Ia memegang keras kepalanya yang terasa sangat sakit. Napas tengah memburu, ia menjadi tidak tenang dan panik seketika.
Tinnn! Tinn!
Bunyi suara klakson dari kendaraan lain pun tak menyadarkan Dimas yang sudah diselimuti rasa takut dan bersalah yang teramat dalam. Hingga beberapa orang mulai mengecek mobil pria itu dan Dimas justru semakin ketakutan dibuatnya. Di dalam pikirannya, semua orang yang berada di luar mobil berkumpul untuk menghakiminya.
Di sisi lain, Evan yang tengah melajukan motor menuju ke rumahnya, melihat keramaian di sudut jalan. Ia belokkan motor itu menuju ke arah tersebut. Ia melirik mobil yang sama persis dengan milik keluarganya. Ia sedikit heran dan memberhentikan motornya segera. Ia turun dari motor dan menghampiri mobil yang ia yakini adalah milik papanya.
"Permisi," tegur Evan pada beberapa orang di sana.
Dan benar ketika berada tepat di samping mobil, ia melihat sang ayah tengah tersudut di dalam sana. Ia tak mengerti apa yang membuat sang ayah seperti itu. Ia mencoba mengetuk pintu mobil dan Dimas pun akhirnya menoleh ke arah samping. Ia cukup lama mengolah informasi seseorang di sampingnya, hingga akhirnya tersadar dan berani membukakan pintu karena yang disamping mobil adalah sang anak.

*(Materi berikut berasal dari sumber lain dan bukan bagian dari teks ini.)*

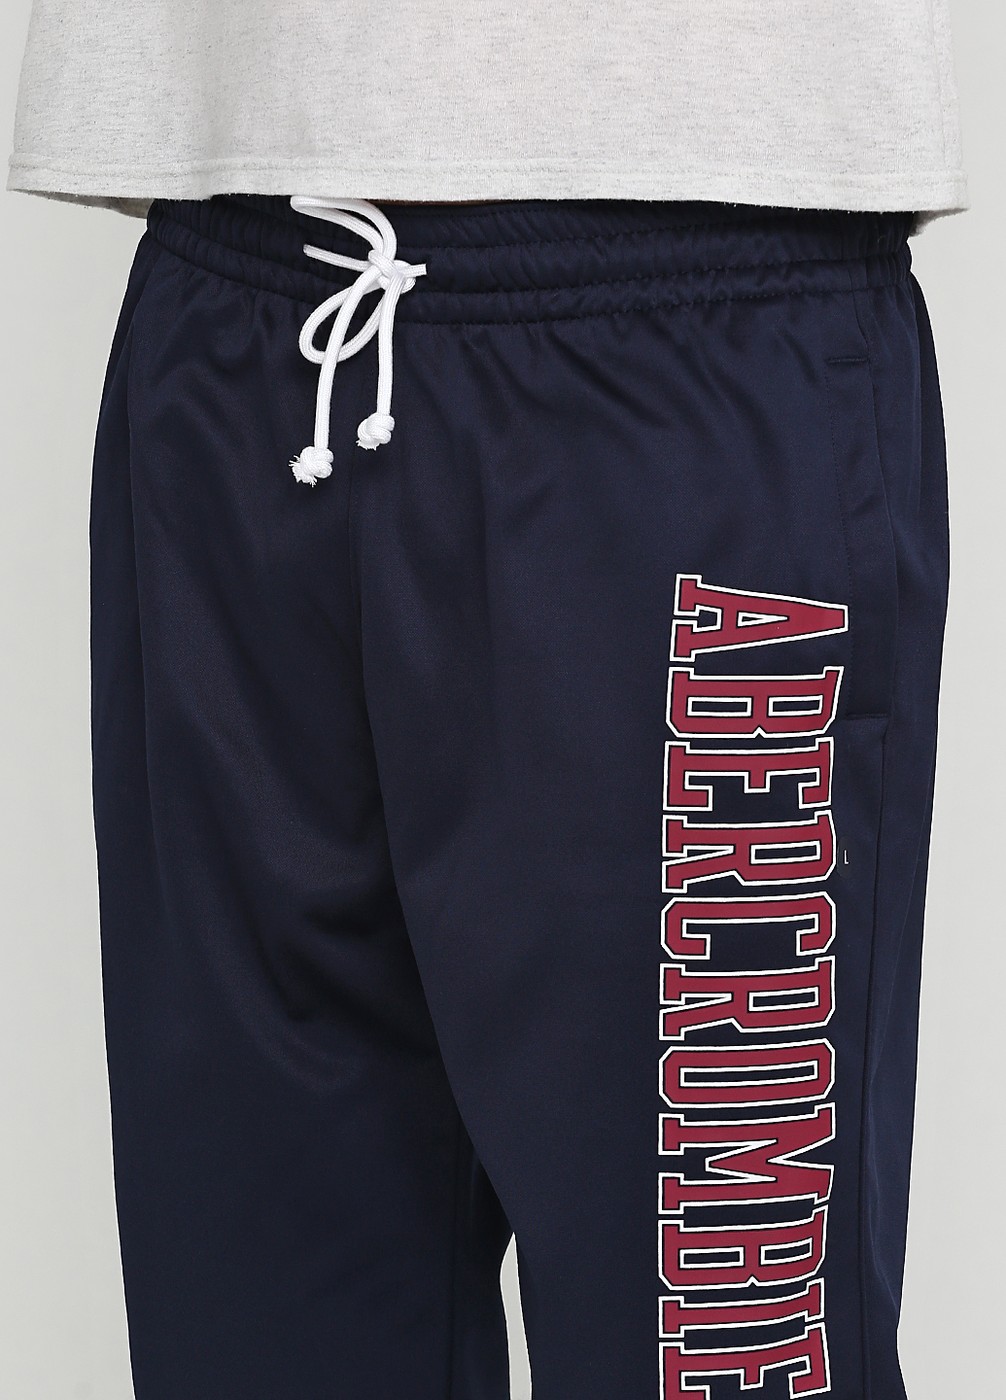 Спортивные штаны - мужские спортивные штаны Abercrombie & Fitch

"Maaf, Pak, Buk. Bapak dan Ibu boleh pergi saja. Ini Papa saya. Maaf jika merepotkan kalian," ujar Evanders yang tidak enak pada beberapa orang di sana.
"Huh! Kalau berhenti jangan di tengah jalan dong, Pak!" gerutu ibu-ibu pada Dimas.
Dimas sontak meminta maaf pada semua orang. Ia juga tidak tahu mengapa rasa cemas dan khawatir berlebihan itu justru membuat dirinya tidka kontrol.
"Papa ini kenapa, sih? Kalau Papa enggak sehat mending di rumah aja jangan keluar-keluar. Ngerepotin aja."
"Papa minta maaf, Nak," ujar Dimas lirih.
"Ya udah lah Papa pulang aja jangan di tengah jalan kayak gini! Demen banget diamukin massa."
Evan pun lantas segera pergi dari Dimas dan berlalu ke arah motor yang terparkir tak jauh dari mobil sang ayah. Ia naiki motor itu dan melesat ke arah rumahnya. Begitupun Dimas, ia lantas segera melajukan mobil kembali ke kediamannya.
Beberapa menit kemudian, Dimas pun telah sampai di pelataran rumah. Ia tampak benar - benar kacau hari ini.
"Dimas, kamu enggak kenapa-kenapa? Kata Evan kamu tadi di jalan—"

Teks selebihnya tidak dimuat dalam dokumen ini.